3 1/2 hours southern indiana. be in late wed. evening. ready to roll thursday morn.


----------



## New Mexico Brant (May 4, 2021)

Freqman1 said:


> Are we there yet?



Nope, I just made it to a little North of Indianapolis today; only 196 more miles to go in the morning.


----------



## GTs58 (May 4, 2021)

New Mexico Brant said:


> Nope, I just made it to a little North of Indianapolis today; only 196 more miles to go in the morning.

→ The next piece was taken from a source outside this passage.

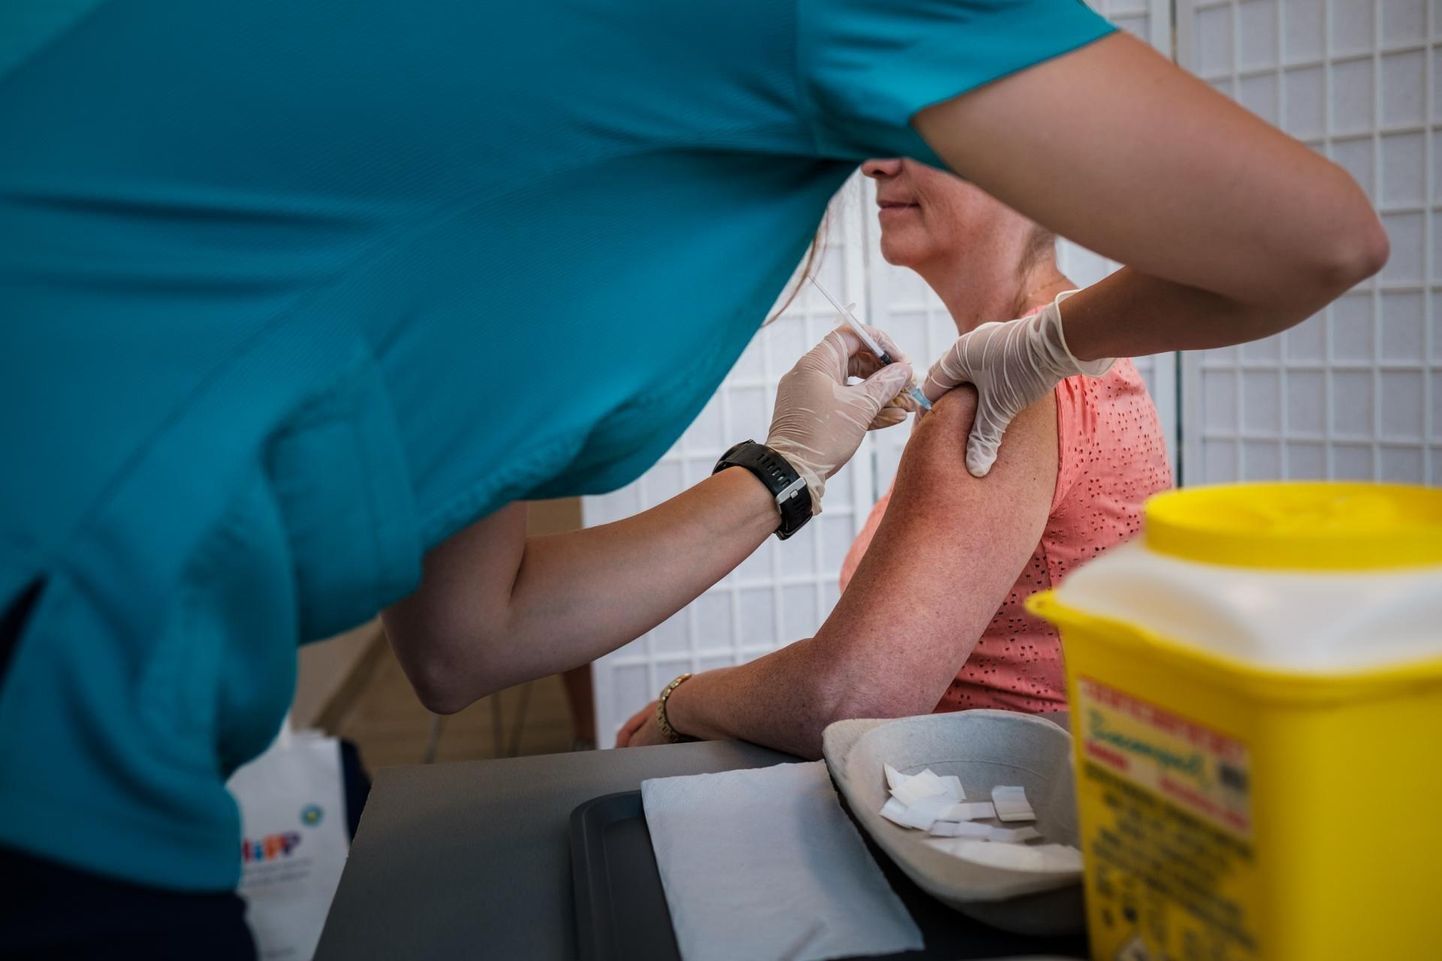 Üha lisandub riike, kus alustatakse kolmanda Covid-19 vaktsiinidoosi süstimisega. Eesti immunoprofülaktika eksperdikomisjon leiab, et kolmanda kaitsesüsti puhul pole praegu piisavalt teaduspõhiseid andmeid selle vajaduse, efektiivsuse ja ohutuse kohta.
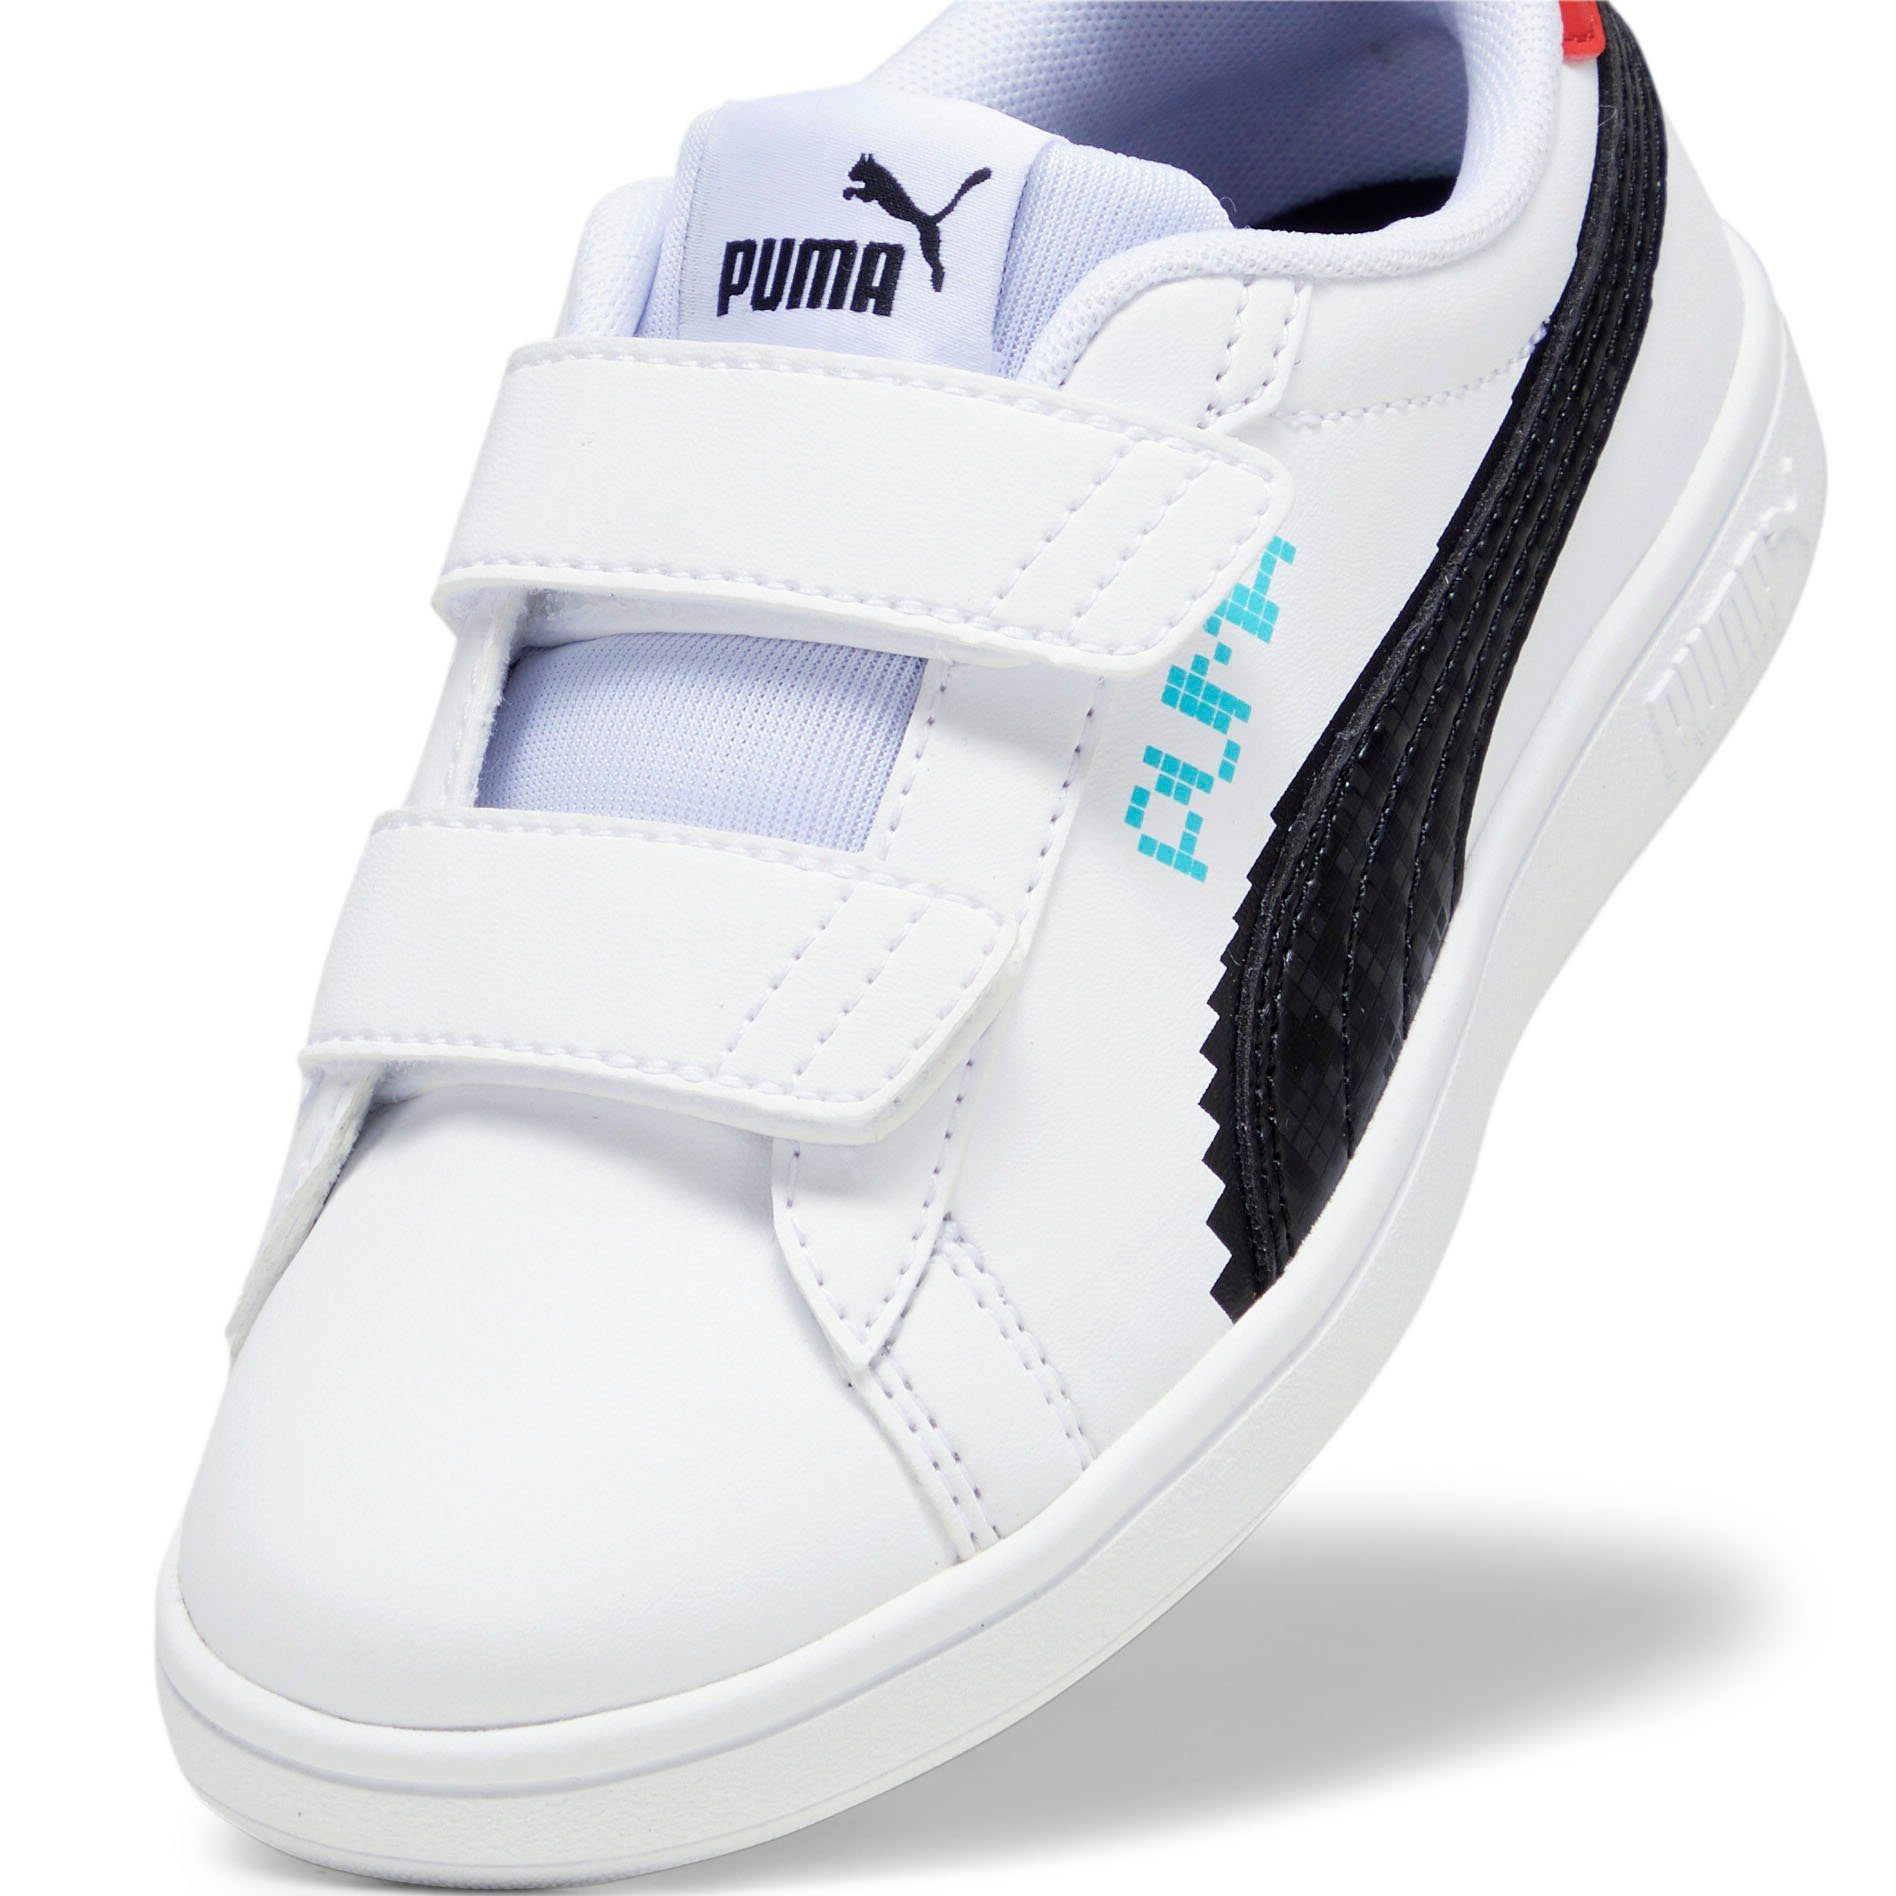 PUMA SMASH 3.0 L LET'S PUMA Black-Team V Aqua-For Red PLAY All White-PUMA PS Sneaker Time

If you wouldn't have stopped to play in the mud you would of been there hours ago.


----------



## Phase3 (May 4, 2021)

Glenn, which part on NY are you coming from?


----------



## Tom Hudak (May 8, 2021)

2 hours,  Broadview Height, Ohio


----------



## barneyguey (May 8, 2021)

I flew from Spokane Washington to Greenville South Carolina, Which is 2455 miles. Then I rode with Pete from Hartwell Georgia to Perrysberg Ohio, which is 673 miles.

 I sure enjoyed meeting everybody and putting their faces to their names. Everybody was very friendly and I had lots of fun. 

I want to thank Pete for putting up with me and being a great host. I also have to thank Buddy for the great company. He sure is a nice doggy. Barry


----------